Bill Viola’s new exhibition at Blain|Southern presents small-screen works in an intimate context to reflect on the complex details of human relations and our attachment to the material world. Known for exploring the artistic potential of video since the seventies, here Viola employs a number of formats and techniques of filming and projection in works made within the last two decades.
In a triptych on adjoining flat screen panels, Poem B (The Guest House), 2006; we witness the residue of a life through the objects and structures that surround a solitary older woman. In Small Saints, 2008; six separate OLED screens depict six individuals appearing from the darkness, in footage that transitions between grainy black-and-white images from a surveillance camera, to the extreme clarity of high-definition digital video.
Viola makes direct classical references in his choice of materials and formats.

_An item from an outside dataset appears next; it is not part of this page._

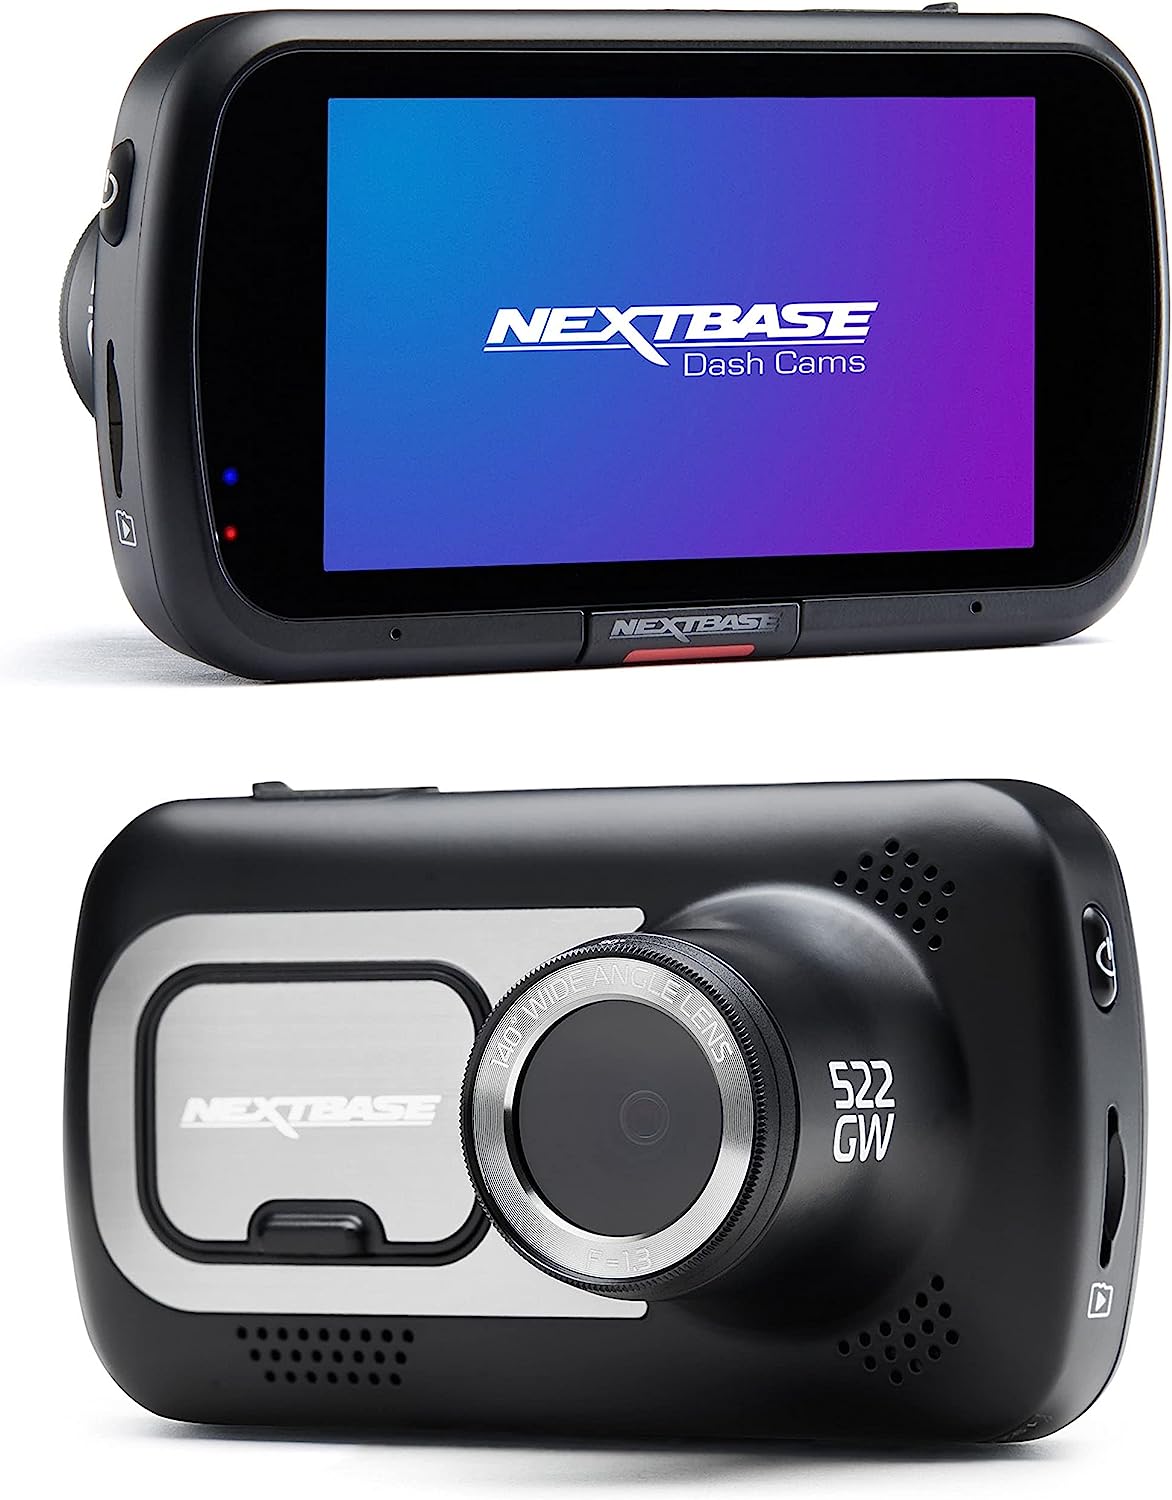 Nextbase 522GW Wi-Fi Dash Cam Front Camera with Alex Enabled - Full 1440p HD Recording

Unspoken (Silver & Gold), 2001; is a projected diptych of a man and woman, which connects with historical use of precious metals in art, with the optical properties of these highly textured surfaces altering the appearance of images in dramatic ways. Dolorosa, 2000; shows looping portraits of two figures representing the cycle of human suffering. This diptych of small LCD screens draws from the medieval uses of portable folding panel paintings.
Self Portrait, Submerged, 2013, depicts the artist lying on the bed of a stream. In this alternate physical realm he lies with eyes closed, breathing out slowly, appearing to be completely at peace. It rounds off this focused selection of work that encapsulates an important aspect of Bill Viola’s wider preoccupation with the dynamics between spiritual and physical realm.